= Fay Presto =

British magician

Fay Presto (born 17 May 1948) is the stage name of Letitia Winter, a British magician and member of The Inner Magic Circle known for her close-up magic.

==Career==
Winter's first job was as a lab assistant at an atomic energy research company, and she tried returning to study and working in sales before developing an interest in performing magic in her late thirties. She joined The Magic Circle, but was asked to leave when she began to transition. When The Magic Circle voted to allow women members in 1991, she was one of the first women to join.

As Presto, Winter specialises in close-up magic, and had held a residency at London's Langan's Brasserie since the start of her magic career. She is known for her "bottle through the table" trick, which was ranked as the 37th greatest magic trick of all time by Channel 4's 50 Greatest Magic Tricks.

Presto was part of the UK touring show Champions of Magic from 2014 to 2017, alongside fellow magicians Edward Hilsum, Alex McAleer and Young & Strange.

She was profiled in the BBC documentary series 40 Minutes in 1994 in the episode "Fay Presto: Illusions of Grandeur" directed by Sally George. In 2017, Presto was the subject of the documentary Fay Presto, the Queen of Close-up.

==Television appearances==

Winter has appeared in a number of documentaries and played herself in cameo roles.

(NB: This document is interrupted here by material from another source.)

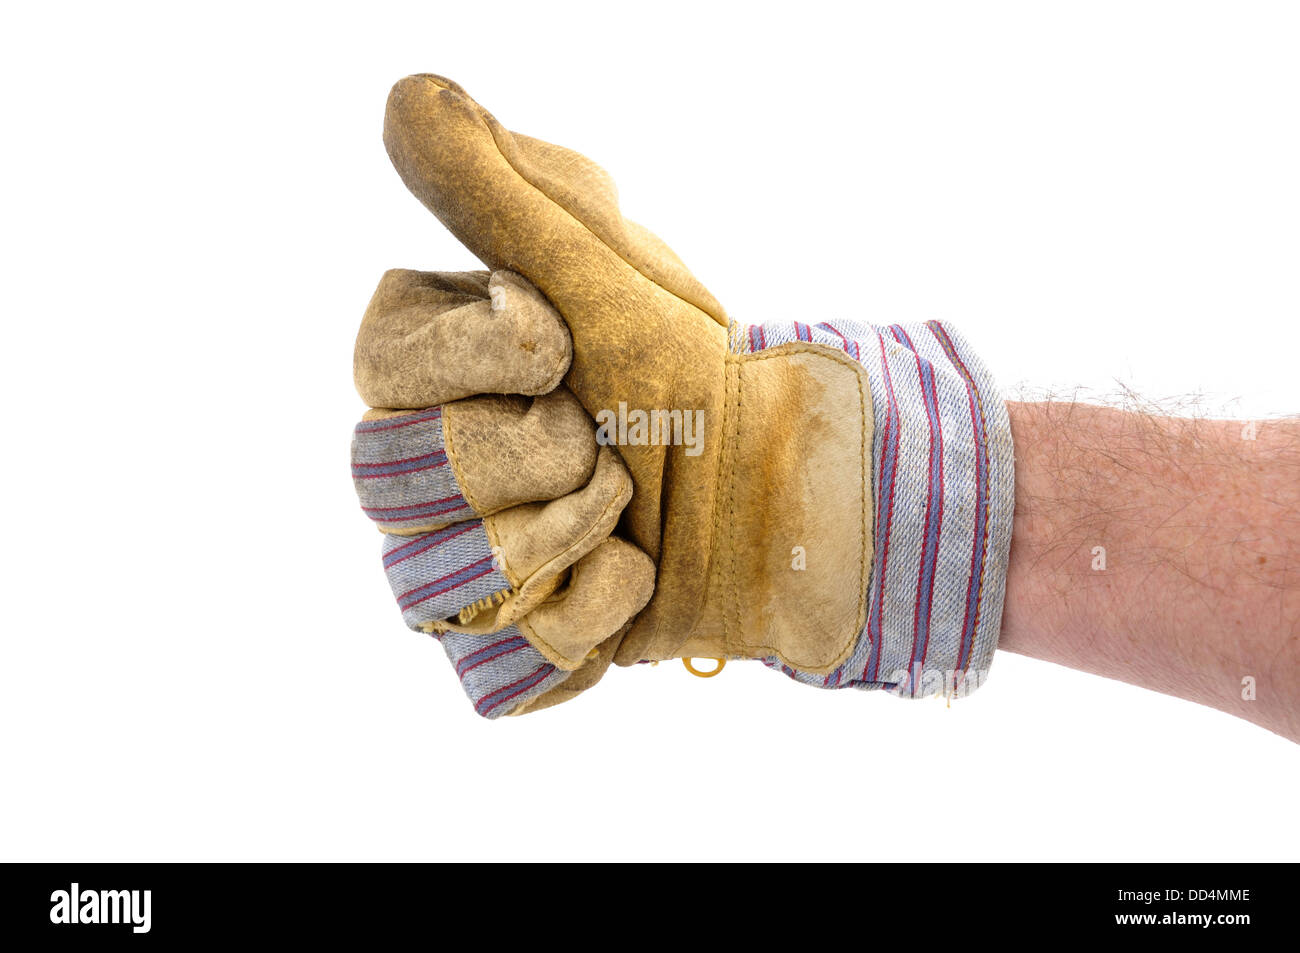 Worker Wearing Leather Work Glove Giving the OK Thumbs Up sign gesture Stock Photo

| Year | Title | Role | Notes |
|---|---|---|---|
| 1994 | Fay Presto: Illusions of Grandeur | Herself |  |
| 1995 | The Car's The Star | Herself | Guest |
| 1995 | Paul Daniels' Secrets | Herself |  |
| 1995 | The Late Late Show | Herself | Guest |
| 2000 | Heroes of Magic | Herself |  |
| 2001 | Emmerdale | Herself | Cameo |
| 2002 | The Daily Show | Herself | Guest |
| 2002 | 50 Greatest Magic Tricks | Herself |  |
| 2006 | The Story of Light Entertainment | Herself |  |
| 2016 | When Magic Goes Horribly Wrong | Herself |  |
| 2017 | Fay Presto, Queen of Close-up | Herself |  |

==Awards and accolades==

In 1998 Winter was voted "Party Entertainer of the Year" by Tatler Magazine.

In 2012 Winter won the title of The Magic Circle Close-up Magician of the Year 2012.

In 2024 awarded the David Berglas Award for "Outstanding Contribution to Magic by a British magician" by The British Magical Society.

==Personal life and charity work==

Winter is a transgender woman, and regularly organises and performs in benefits to support the rights of women, children and the LGBT community. Before her transition, she performed in character as a female magician. She is an ambassador for Action for Children.